The joy of hockey, an effective strategy beyond X’s and O’s.

One of the things that’s gotten some attention this summer, at least in the press, is new coach David Quinn’s approach to building relationships. He’s talked a lot about forming strong bonds with players in interviews, guys who he already has a rapport with, and even went so far as to visit guys like Hank over in Europe (but not Zucc, which was dumb). Some people bring this up as evidence that Quinn is more of a “players’ coach” than a tactician, and while that may be true (and also compensated for by his assistants, so it’s really moot), it’s worth pointing out that this isn’t such a bad approach to coaching, insofar as the term has been used in a lightly pejorative sense.
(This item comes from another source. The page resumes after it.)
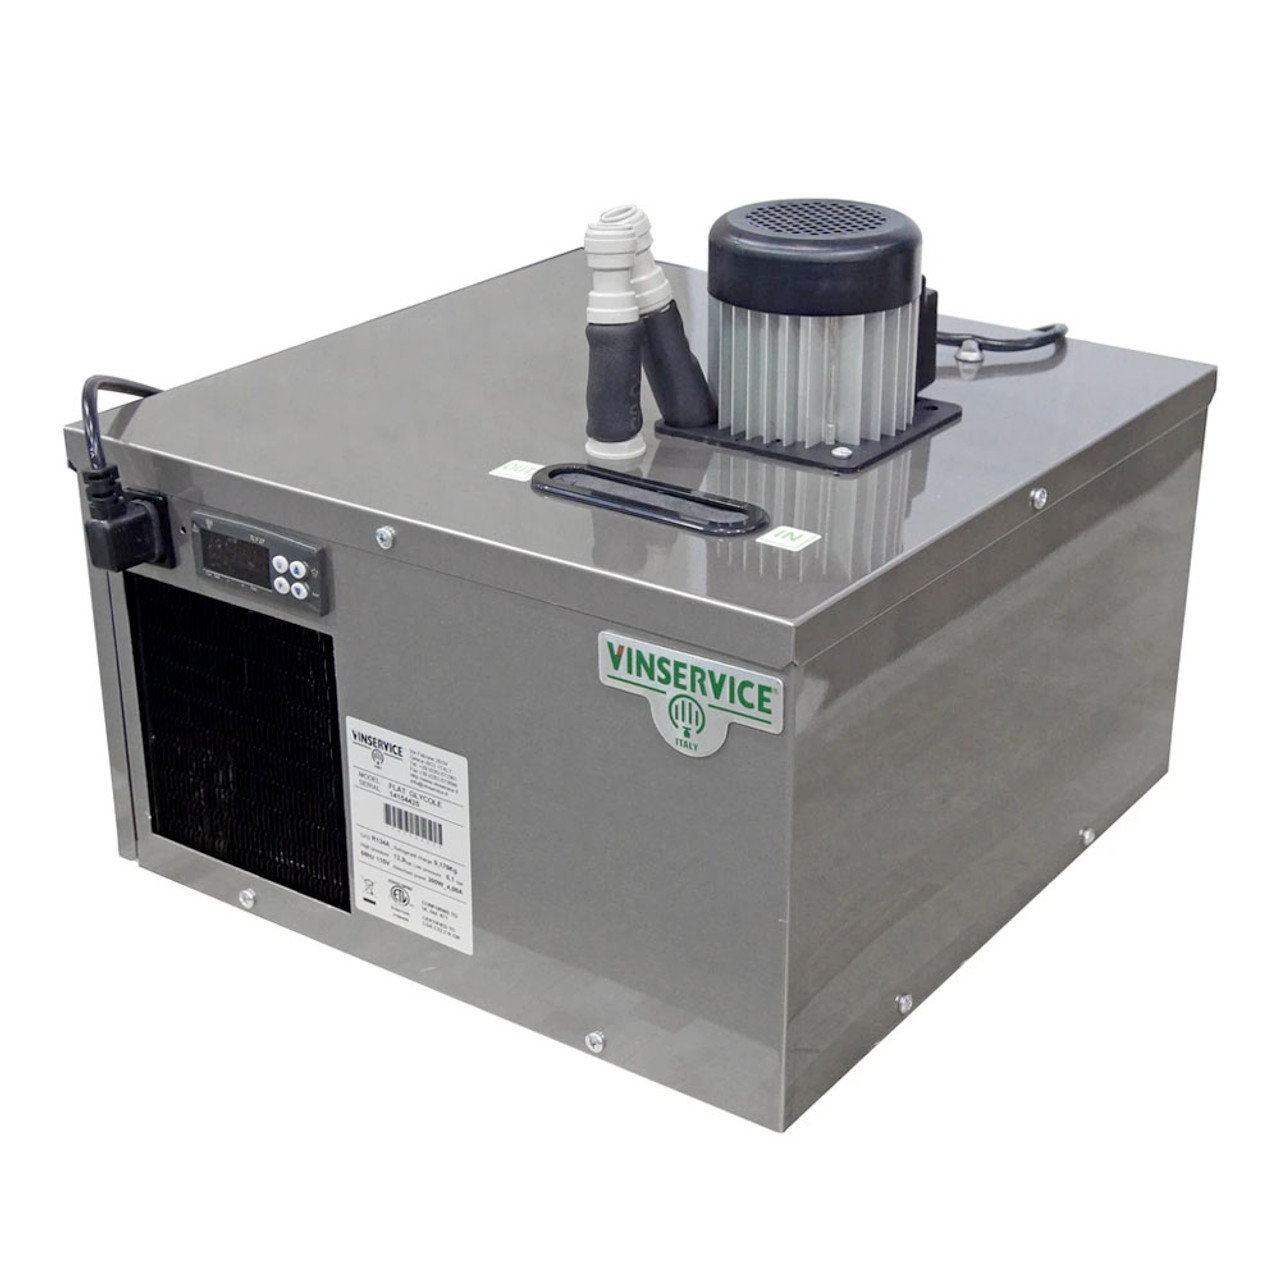 https://cdn11.bigcommerce.com/s-cznxq08r7/images/stencil/1280x1280/products/4559/12041/BB989950-Vinservice_Glycol_Chiller_1__28250.1601496137.jpg?c=1
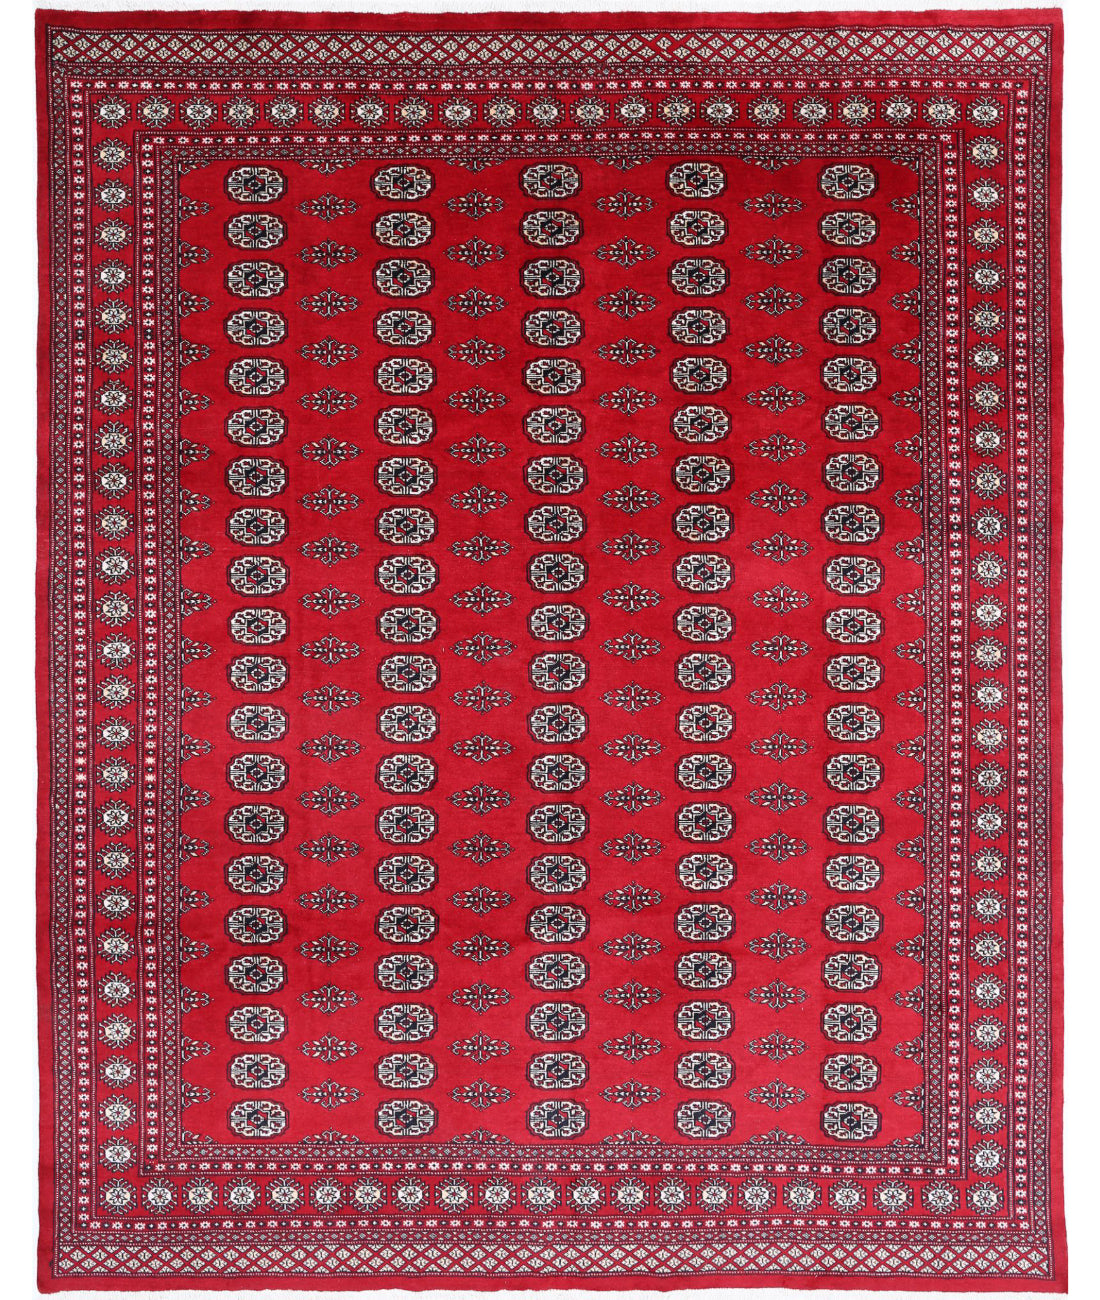 Hand Knotted Tribal Bokhara Wool Rug - 7&#39;10&#39;&#39; x 9&#39;11&#39;&#39; 7&#39;10&#39;&#39; x 9&#39;11&#39;&#39; (235 X 298) / Red / Beige

Alain Vigneault, by contrast to what’s been said about Quinn, was a good systems coach, in that he was able to instill his type of play in guys’ every movement on and off the puck. This was cool at first, with the 2014-15 Rangers in particular playing a run and gun style that was exciting and tough to match, but eventually became stale, with fast breaks becoming predictable, defense suffering, and long stretch passes getting picked off. Add to that the total lack of communication or even accountability and AV went sour pretty quickly towards the end there – it wasn’t just that he wasn’t working out anymore, it was that he was bad. Look at his last press conference – totally delusional, touchy and defensive, and broadly in denial. If he was that bad in public imagine how bad he must have been behind closed doors.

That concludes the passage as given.